Contemporary South Africa manifests a profound crisis that transcends conventional analyses of corruption, revealing instead a systematic necropolitical apparatus that operates through the intersection of state capture, endemic corruption, and the production of political death. Drawing upon Achille Mbembe’s theoretical framework of necropolitics—the sovereign power to determine who may live and who must die—this analysis examines how corruption functions not merely as economic malfeasance but as a fundamental mechanism of political control that creates “deathworlds” for vast populations while concentrating life-preserving resources among a predatory elite.
The Necropolitical Architecture of State Capture
State capture in South Africa represents more than the conventional understanding of regulatory capture or grand corruption. Rather, it embodies what Mbembe identifies as the contemporary manifestation of necropower—the capacity to expose populations to conditions of “living death” while simultaneously ensuring the privileged accumulation of resources by those who control the sovereign machinery. The Zondo Commission’s findings reveal that state capture involved “the allocation and distribution of state power and resources, directed not for the public good but for private and corrupt advantage”, creating what can be understood as a systematic necropolitical project.

Figure 1: The Necropolitical Apparatus in Post-Apartheid South Africa – A hierarchical framework showing how necropolitical power operates through four interconnected levels to create and maintain “deathworlds” through systematic corruption and state capture.
The apparatus of state capture during the Zuma administration exemplifies the necropolitical logic whereby the state’s primary function becomes the management of death rather than the fostering of life. Through the deliberate weakening of institutions such as the South African Revenue Service (SARS), the systematic looting of state-owned enterprises like Eskom and Transnet, and the manipulation of law enforcement agencies, the captured state created conditions that Mbembe would recognize as characteristic of contemporary necropolitics. These actions produced what can be termed “slow violence”—a form of structural violence that operates through the gradual erosion of life-sustaining infrastructure and services.

Figure 2: State Capture Process Flow in South Africa – A sequential process diagram illustrating how state capture evolved from network formation through institutional infiltration to resource extraction and protection mechanisms during the Zuma administration.
The concept of “slow violence,” developed by Rob Nixon and increasingly applied to understand structural forms of oppression, provides a crucial lens for analyzing how corruption functions as a necropolitical strategy. In the South African context, the systematic degradation of public services, the collapse of municipal infrastructure, and the erosion of educational and healthcare systems represent forms of slow violence that disproportionately affect the most vulnerable populations. This process creates what Mbembe describes as “deathworlds”—spaces where populations are subjected to conditions of existence that blur the boundaries between life and death.

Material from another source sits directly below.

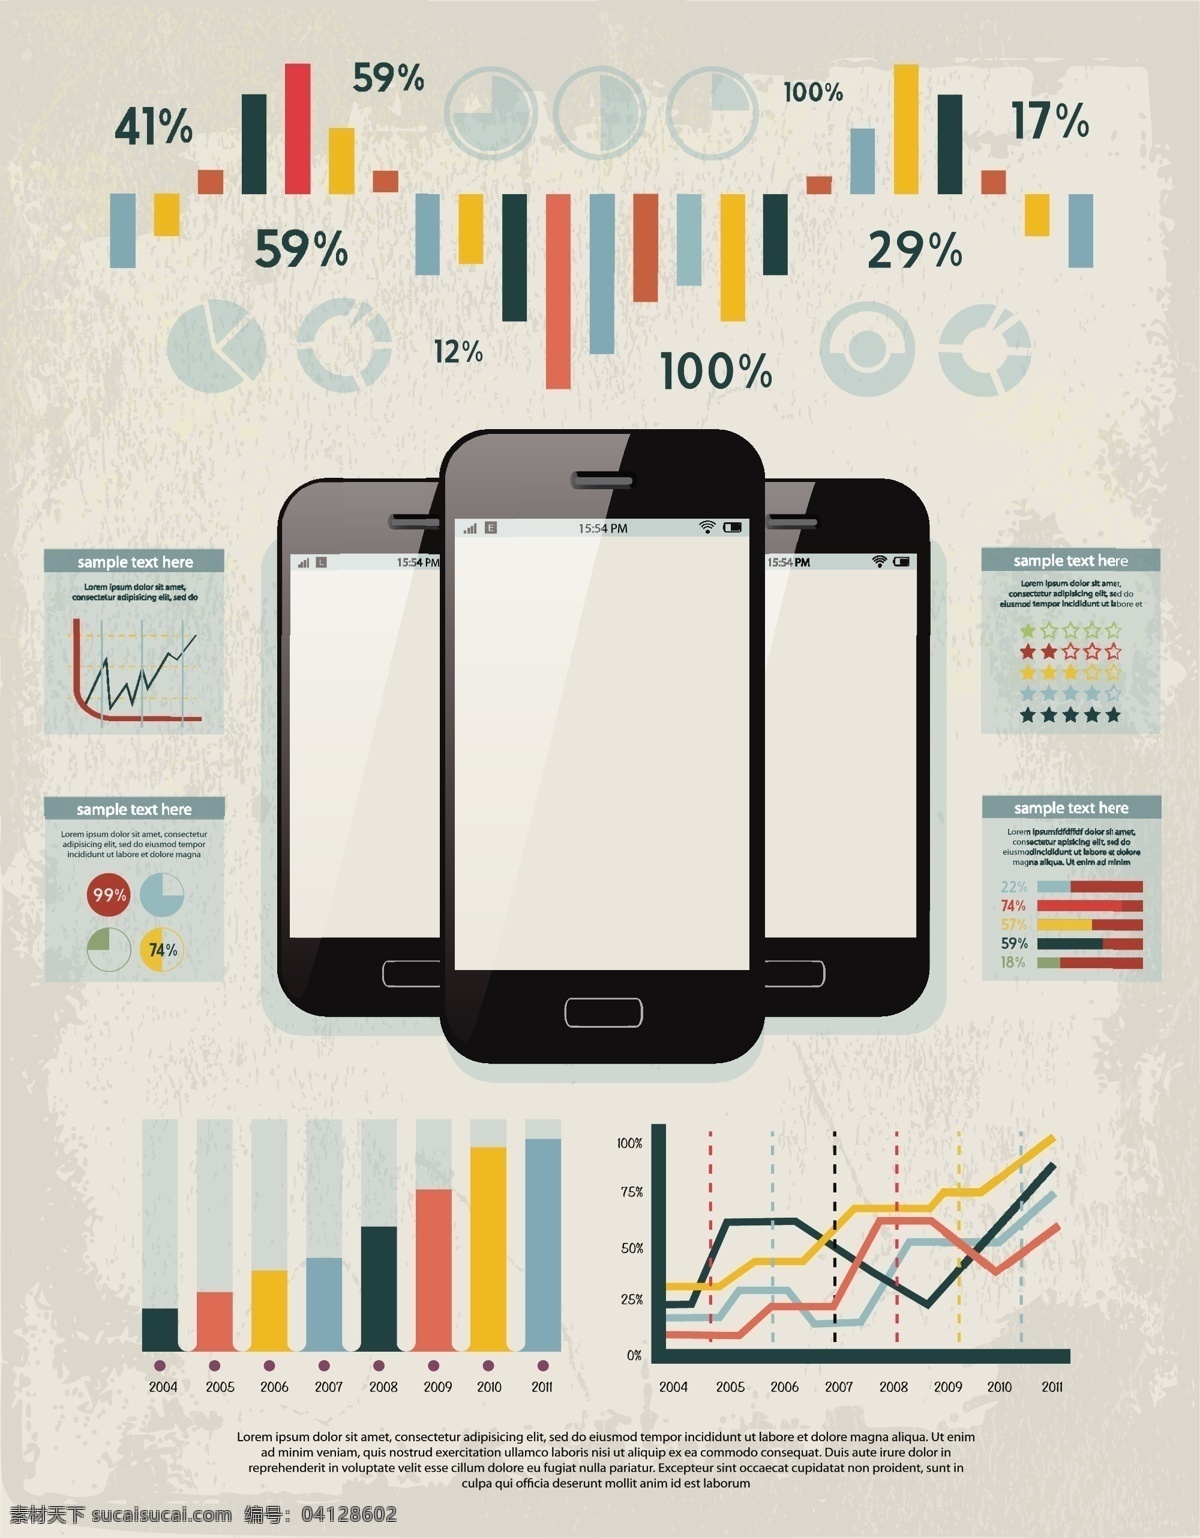 分布 分析 概率 金融 理财 趋势 商务 商务金融 商业插画 数据 统计 矢量 模板下载 手机 手绘 图标 app app图标

The African National Congress and the Institutionalization of Corruption
The African National Congress (ANC), once celebrated as the vanguard of liberation, has increasingly become what scholars identify as a vehicle for necropolitical governance. The party’s transformation from a liberation movement to what critics describe as a “corrupt cadre” entity reflects the broader post-colonial trajectory that Mbembe analyzes in his work on necropolitics. The ANC’s deployment of cadres throughout state institutions, combined with its tolerance of corruption among its leadership, has created what amounts to a systematic necropolitical apparatus.
The phenomenon of factionalism within the ANC, particularly the divisions between the Zuma and Ramaphosa factions, demonstrates how necropolitical power operates through the management of internal conflicts and the selective application of violence. The factional battles within the party have resulted in a pattern of political killings, particularly in KwaZulu-Natal, where the Global Initiative Against Transnational Organized Crime recorded significant increases in targeted assassinations. These killings represent the direct manifestation of necropolitical power—the sovereign capacity to determine who may live and who must die within the political sphere.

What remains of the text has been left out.